INSTRUCTIONS TO FOLLOW ▸ Line by line, transcribe the listing below without omission.

DATA PROVIDED ▸
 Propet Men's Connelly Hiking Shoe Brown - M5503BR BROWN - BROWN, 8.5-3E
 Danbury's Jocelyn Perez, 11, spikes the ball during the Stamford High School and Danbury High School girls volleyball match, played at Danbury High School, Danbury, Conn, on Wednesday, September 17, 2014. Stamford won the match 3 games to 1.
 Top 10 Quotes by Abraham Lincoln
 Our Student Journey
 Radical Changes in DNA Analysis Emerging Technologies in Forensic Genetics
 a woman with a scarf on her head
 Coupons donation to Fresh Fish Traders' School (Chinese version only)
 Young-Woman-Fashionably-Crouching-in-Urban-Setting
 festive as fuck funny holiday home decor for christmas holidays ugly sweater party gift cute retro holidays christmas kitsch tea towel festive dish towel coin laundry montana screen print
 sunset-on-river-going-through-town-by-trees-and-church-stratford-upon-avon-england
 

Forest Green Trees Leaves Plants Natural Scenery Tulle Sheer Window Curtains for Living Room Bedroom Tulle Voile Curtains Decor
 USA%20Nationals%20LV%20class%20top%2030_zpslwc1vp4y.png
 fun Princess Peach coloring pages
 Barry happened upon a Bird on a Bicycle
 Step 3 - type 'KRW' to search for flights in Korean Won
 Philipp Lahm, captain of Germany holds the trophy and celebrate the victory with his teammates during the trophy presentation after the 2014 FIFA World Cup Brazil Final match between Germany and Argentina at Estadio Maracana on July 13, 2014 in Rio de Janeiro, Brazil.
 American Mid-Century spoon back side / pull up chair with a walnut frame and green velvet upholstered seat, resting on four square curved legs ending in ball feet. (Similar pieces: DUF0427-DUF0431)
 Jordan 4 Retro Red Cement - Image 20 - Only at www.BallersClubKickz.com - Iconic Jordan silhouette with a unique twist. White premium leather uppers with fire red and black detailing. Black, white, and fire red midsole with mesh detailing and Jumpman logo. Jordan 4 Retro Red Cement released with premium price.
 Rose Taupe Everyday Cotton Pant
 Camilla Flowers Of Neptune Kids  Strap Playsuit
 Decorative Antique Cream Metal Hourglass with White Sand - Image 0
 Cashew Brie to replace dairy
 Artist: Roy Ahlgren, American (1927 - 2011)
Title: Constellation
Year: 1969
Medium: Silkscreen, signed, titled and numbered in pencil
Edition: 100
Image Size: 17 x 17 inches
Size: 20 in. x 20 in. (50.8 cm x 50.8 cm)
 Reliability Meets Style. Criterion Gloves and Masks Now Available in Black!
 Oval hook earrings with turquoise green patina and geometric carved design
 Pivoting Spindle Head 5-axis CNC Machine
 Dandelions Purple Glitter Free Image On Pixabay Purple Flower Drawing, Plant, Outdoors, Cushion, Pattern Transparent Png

THE ANSWER ▸
 Propet Men's Connelly Hiking Shoe Brown - M5503BR BROWN - BROWN, 8.5-3E
 Danbury's Jocelyn Perez, 11, spikes the ball during the Stamford High School and Danbury High School girls volleyball match, played at Danbury High School, Danbury, Conn, on Wednesday, September 17, 2014. Stamford won the match 3 games to 1.
 Top 10 Quotes by Abraham Lincoln
 Our Student Journey
 Radical Changes in DNA Analysis Emerging Technologies in Forensic Genetics
 a woman with a scarf on her head
 Coupons donation to Fresh Fish Traders' School (Chinese version only)
 Young-Woman-Fashionably-Crouching-in-Urban-Setting
 festive as fuck funny holiday home decor for christmas holidays ugly sweater party gift cute retro holidays christmas kitsch tea towel festive dish towel coin laundry montana screen print
 sunset-on-river-going-through-town-by-trees-and-church-stratford-upon-avon-england
 

Forest Green Trees Leaves Plants Natural Scenery Tulle Sheer Window Curtains for Living Room Bedroom Tulle Voile Curtains Decor
 USA%20Nationals%20LV%20class%20top%2030_zpslwc1vp4y.png
 fun Princess Peach coloring pages
 Barry happened upon a Bird on a Bicycle
 Step 3 - type 'KRW' to search for flights in Korean Won
 Philipp Lahm, captain of Germany holds the trophy and celebrate the victory with his teammates during the trophy presentation after the 2014 FIFA World Cup Brazil Final match between Germany and Argentina at Estadio Maracana on July 13, 2014 in Rio de Janeiro, Brazil.
 American Mid-Century spoon back side / pull up chair with a walnut frame and green velvet upholstered seat, resting on four square curved legs ending in ball feet. (Similar pieces: DUF0427-DUF0431)
 Jordan 4 Retro Red Cement - Image 20 - Only at www.BallersClubKickz.com - Iconic Jordan silhouette with a unique twist. White premium leather uppers with fire red and black detailing. Black, white, and fire red midsole with mesh detailing and Jumpman logo. Jordan 4 Retro Red Cement released with premium price.
 Rose Taupe Everyday Cotton Pant
 Camilla Flowers Of Neptune Kids  Strap Playsuit
 Decorative Antique Cream Metal Hourglass with White Sand - Image 0
 Cashew Brie to replace dairy
 Artist: Roy Ahlgren, American (1927 - 2011)
Title: Constellation
Year: 1969
Medium: Silkscreen, signed, titled and numbered in pencil
Edition: 100
Image Size: 17 x 17 inches
Size: 20 in. x 20 in. (50.8 cm x 50.8 cm)
 Reliability Meets Style. Criterion Gloves and Masks Now Available in Black!
 Oval hook earrings with turquoise green patina and geometric carved design
 Pivoting Spindle Head 5-axis CNC Machine
 Dandelions Purple Glitter Free Image On Pixabay Purple Flower Drawing, Plant, Outdoors, Cushion, Pattern Transparent Png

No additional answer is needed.